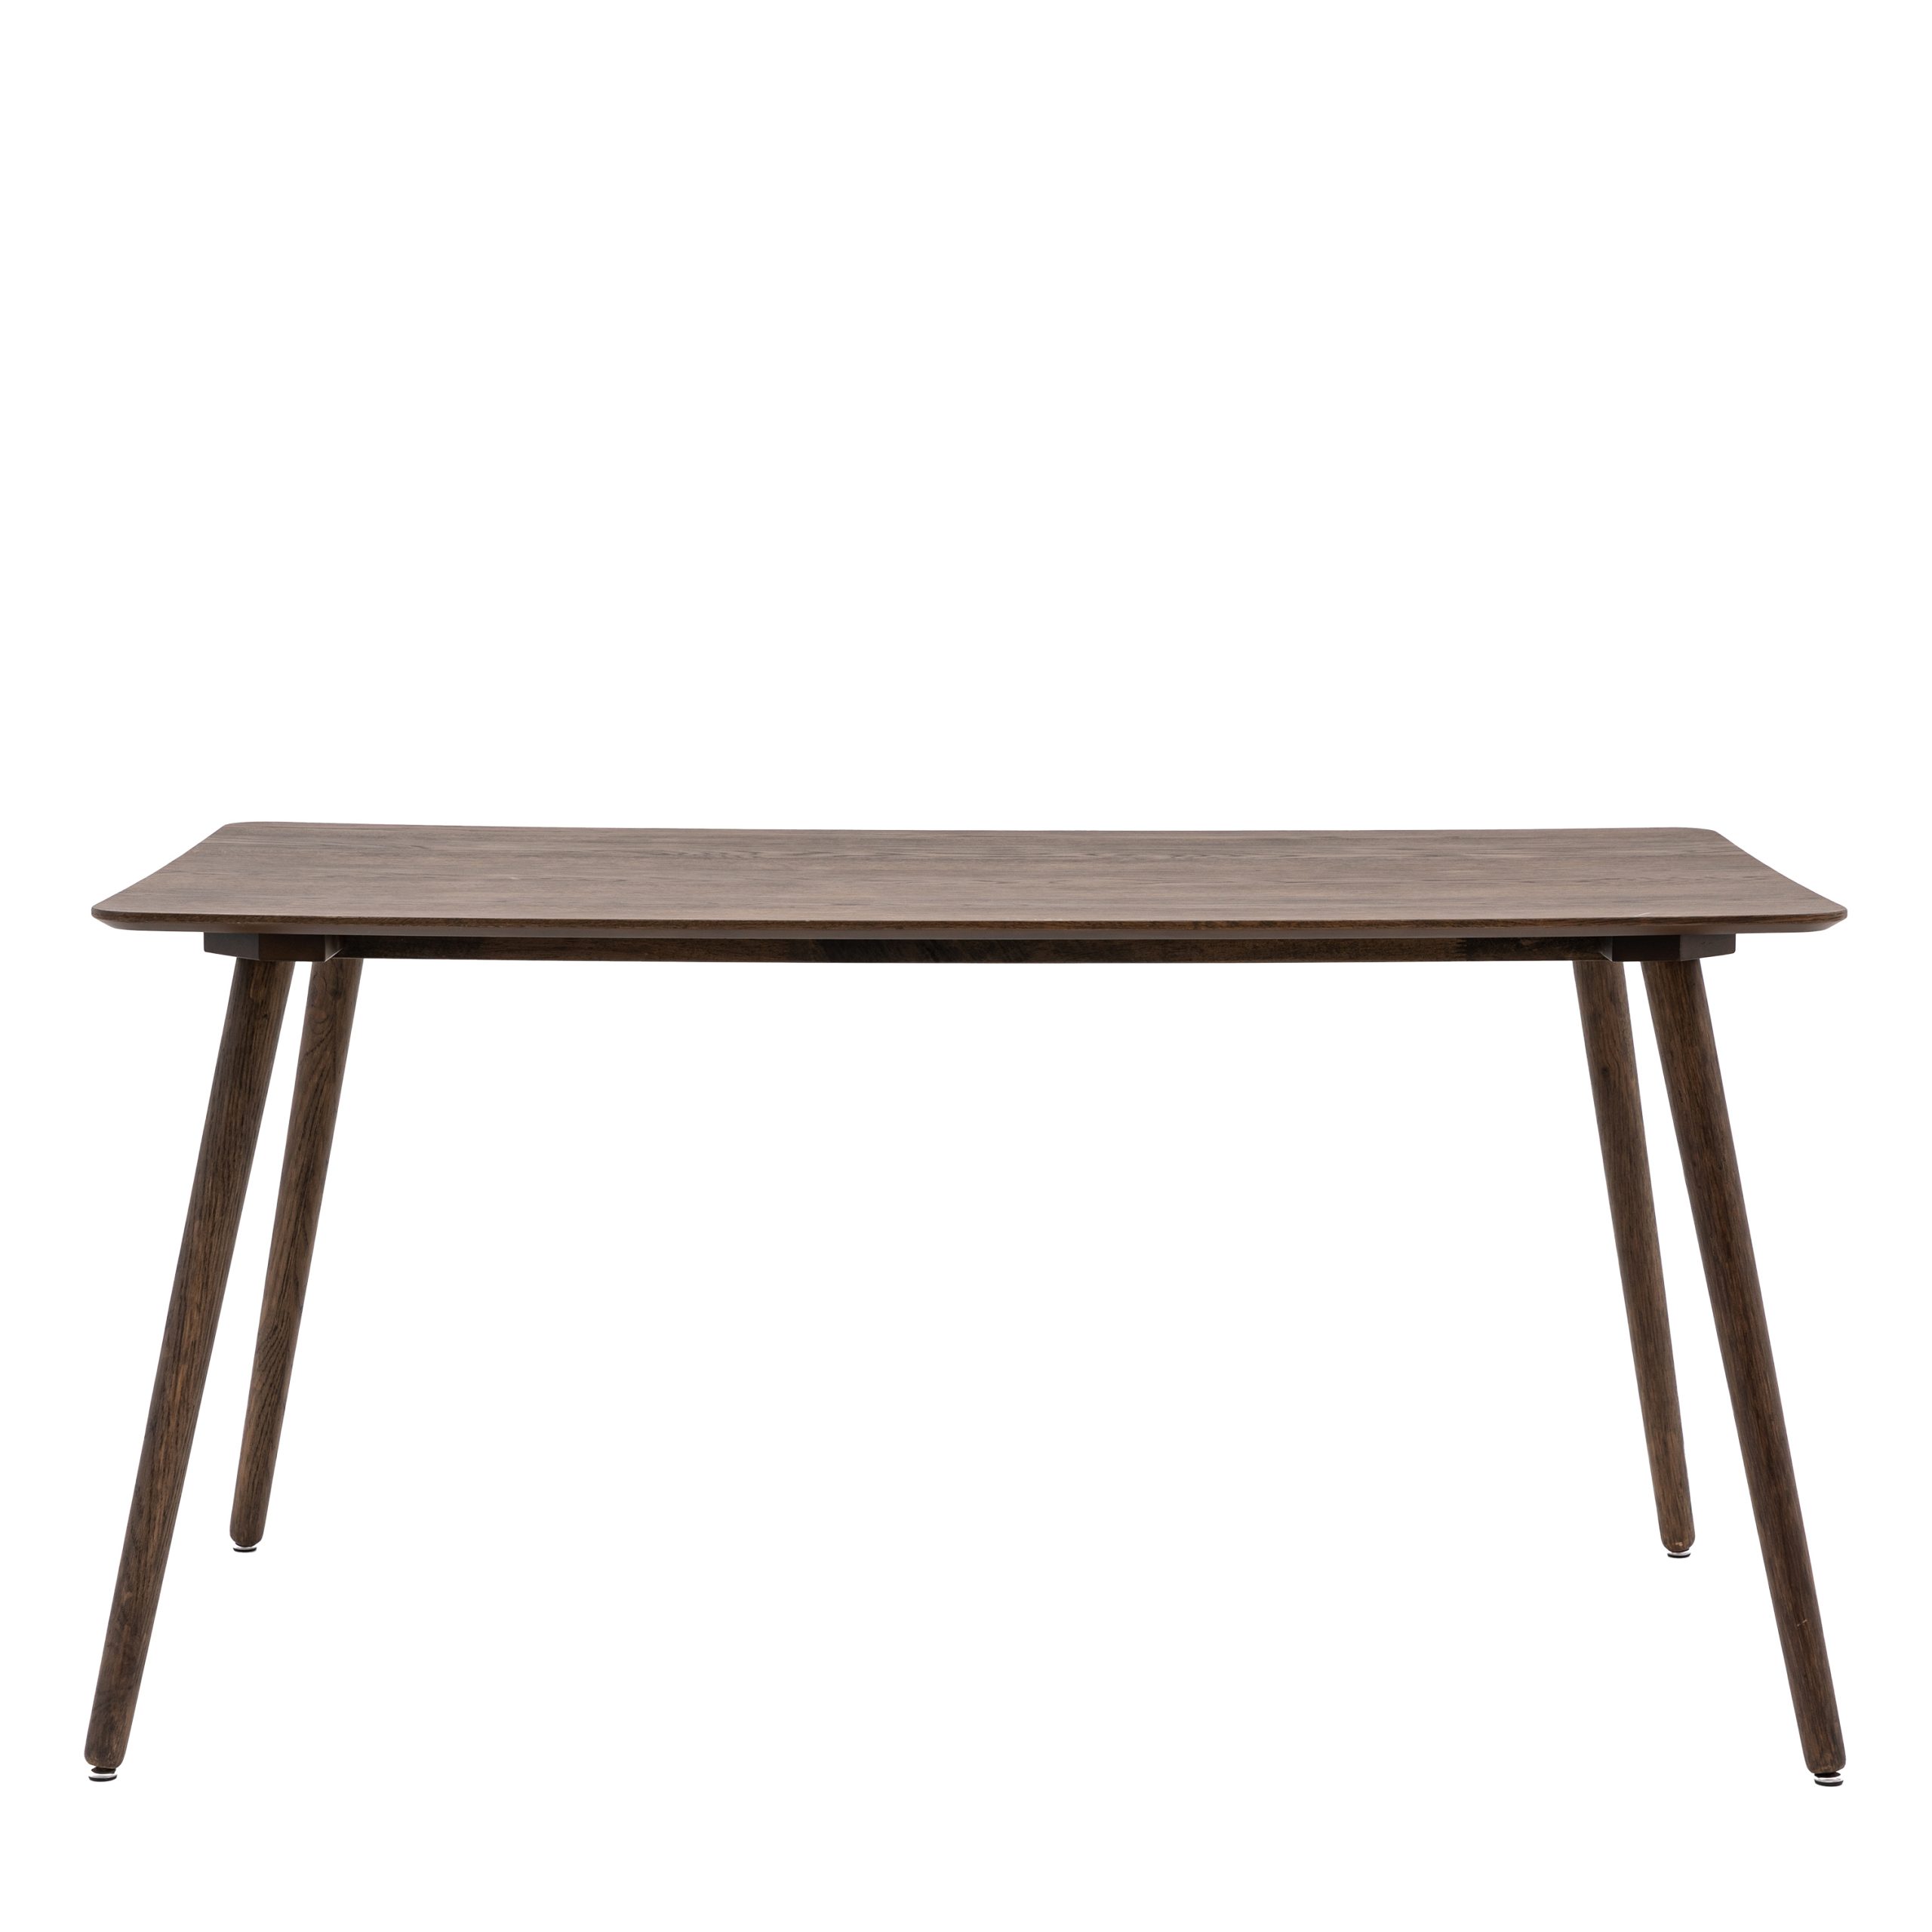 Gallery Direct Hatfield Dining Table Smoked
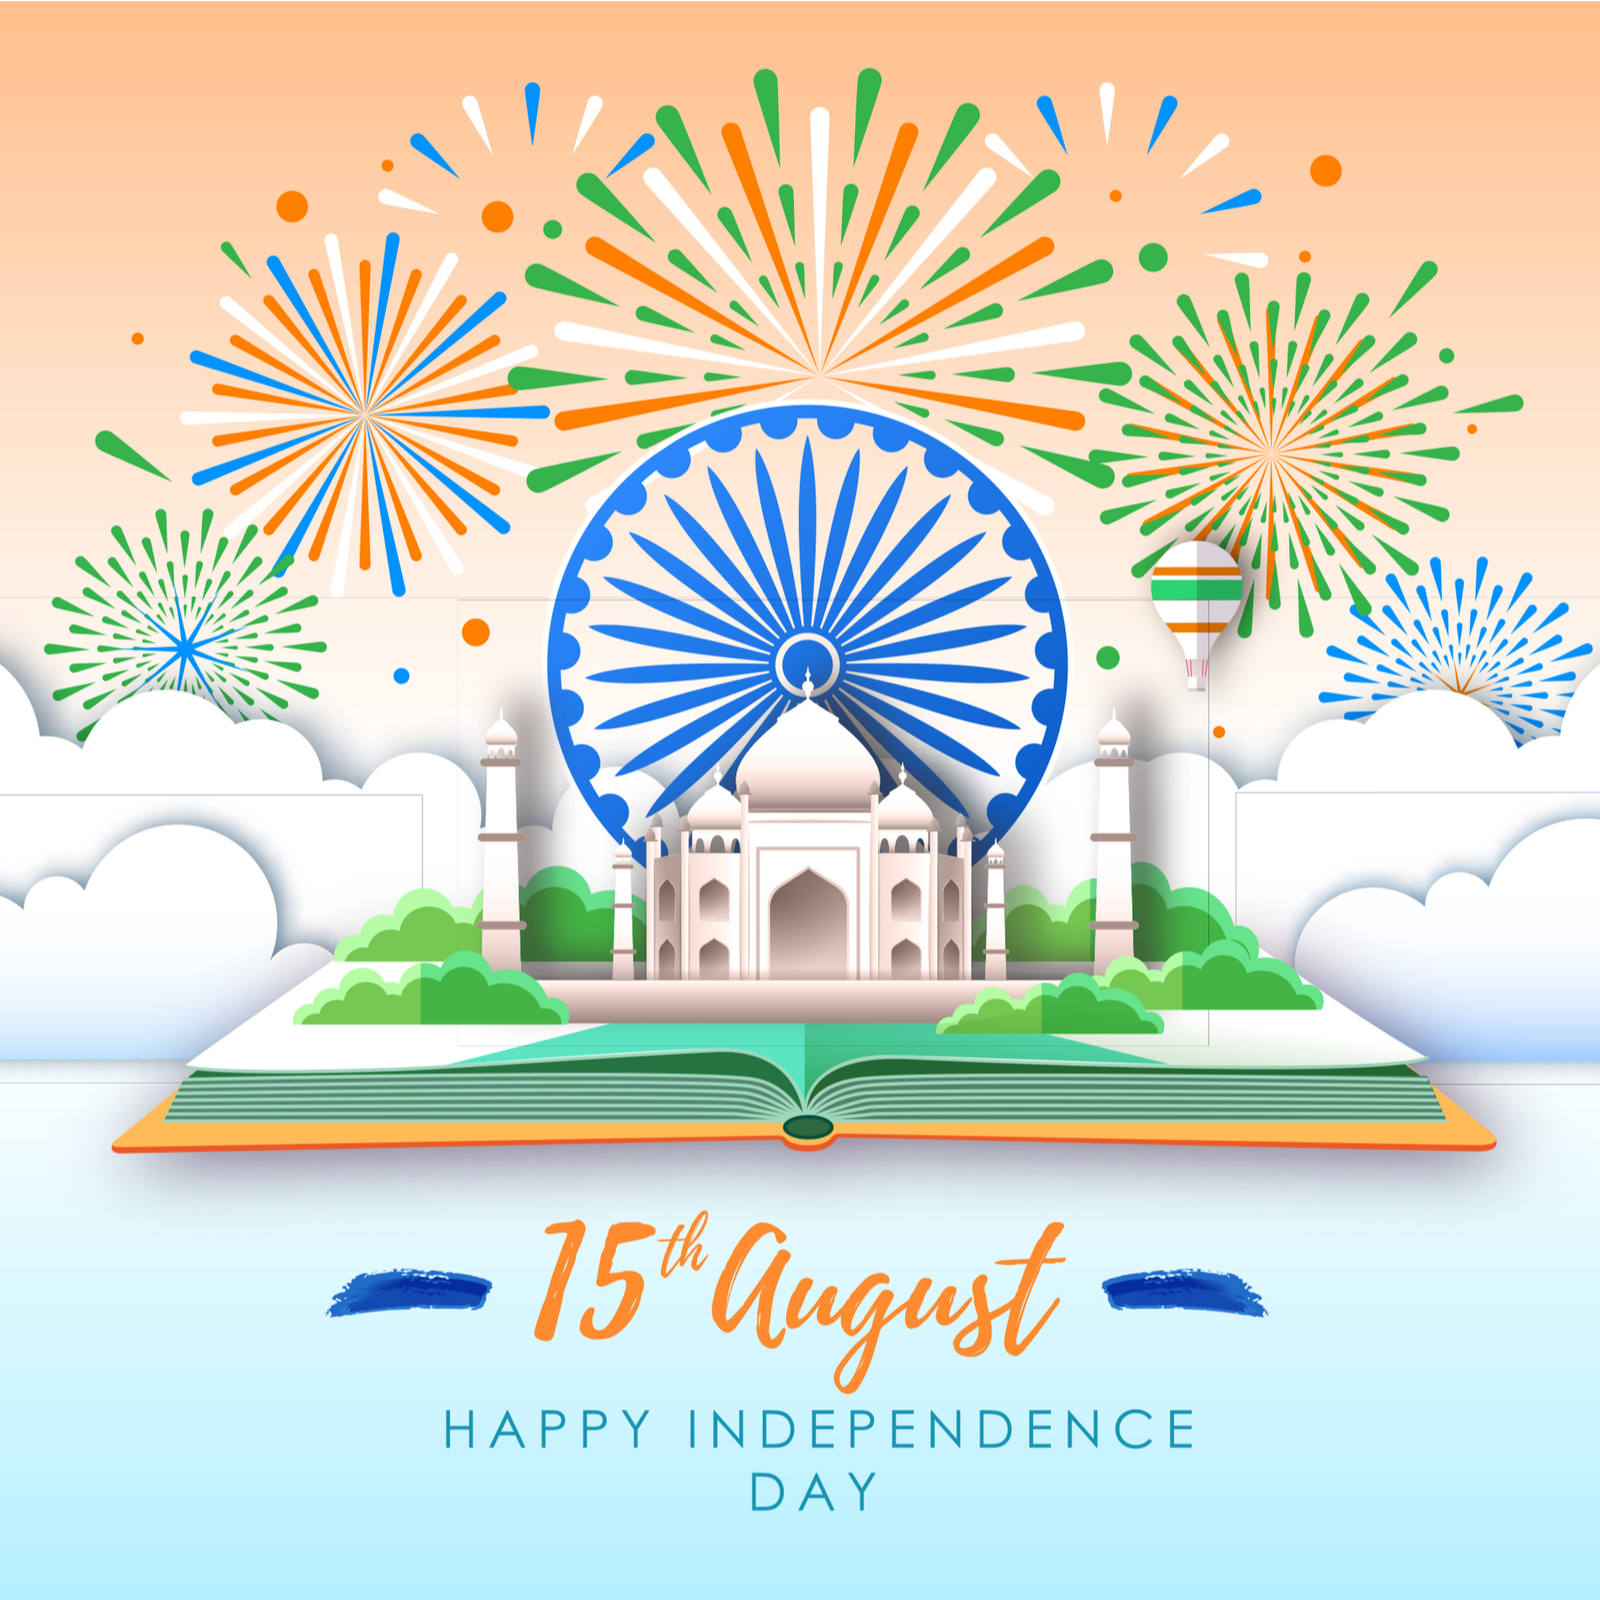 Happy Independence Day 2023 Wishes: Spread the Spirit of
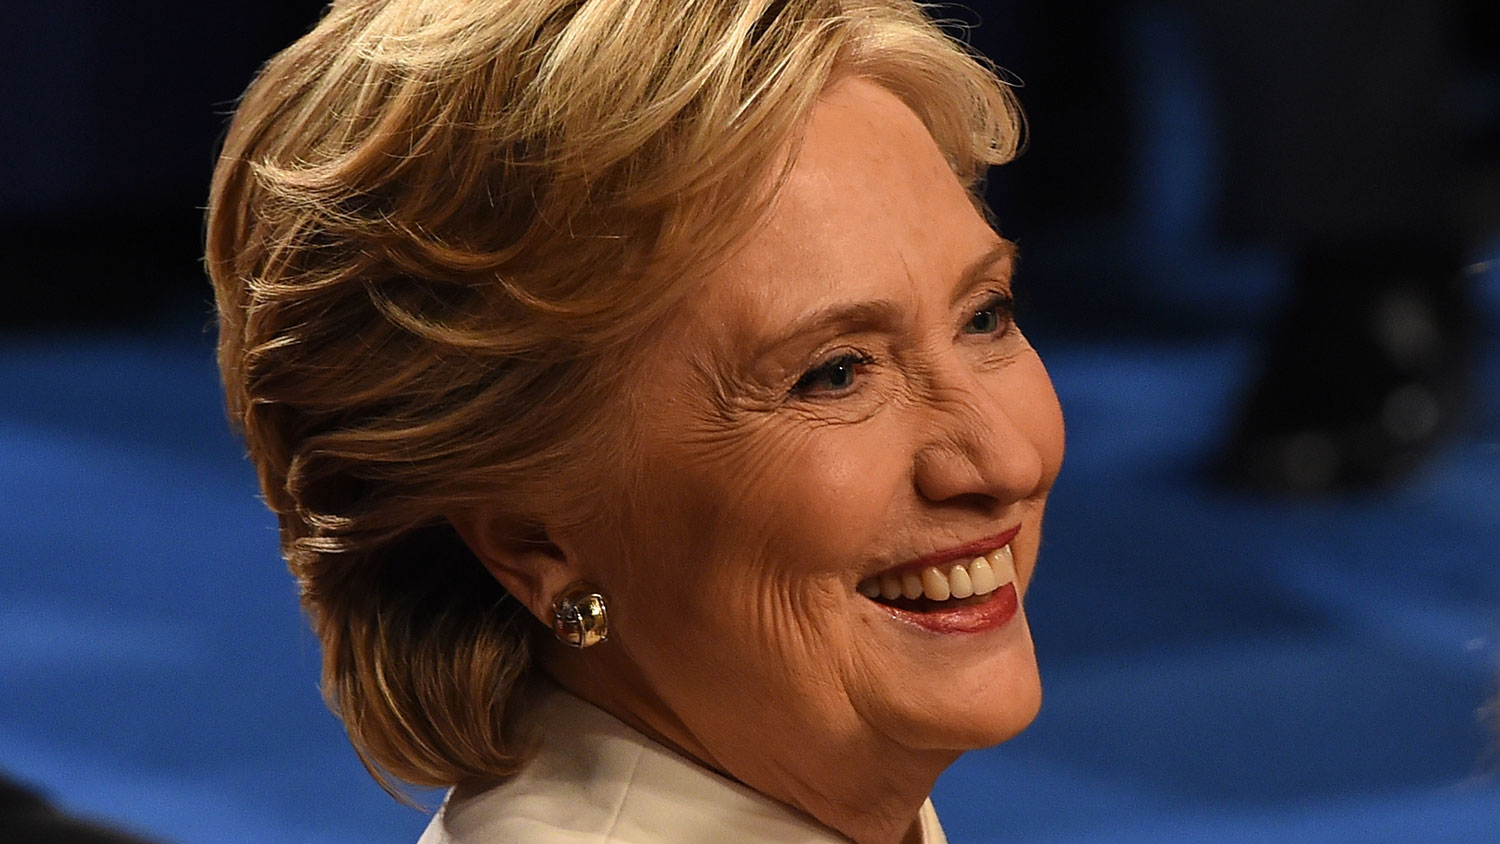 Democratic presidential nominee Hillary Clinton smiles after the final presidential debate in Las Vegas on Oct. 19, 2016.

**What you have to do:** Everything from the line with "Happy Independence Day" through the last line of the listing should be retyped exactly, with both end lines kept and the pictures left out.

**Answer section:**
 Happy Independence Day 2023 Wishes: Spread the Spirit of
 Democratic presidential nominee Hillary Clinton smiles after the final presidential debate in Las Vegas on Oct. 19, 2016.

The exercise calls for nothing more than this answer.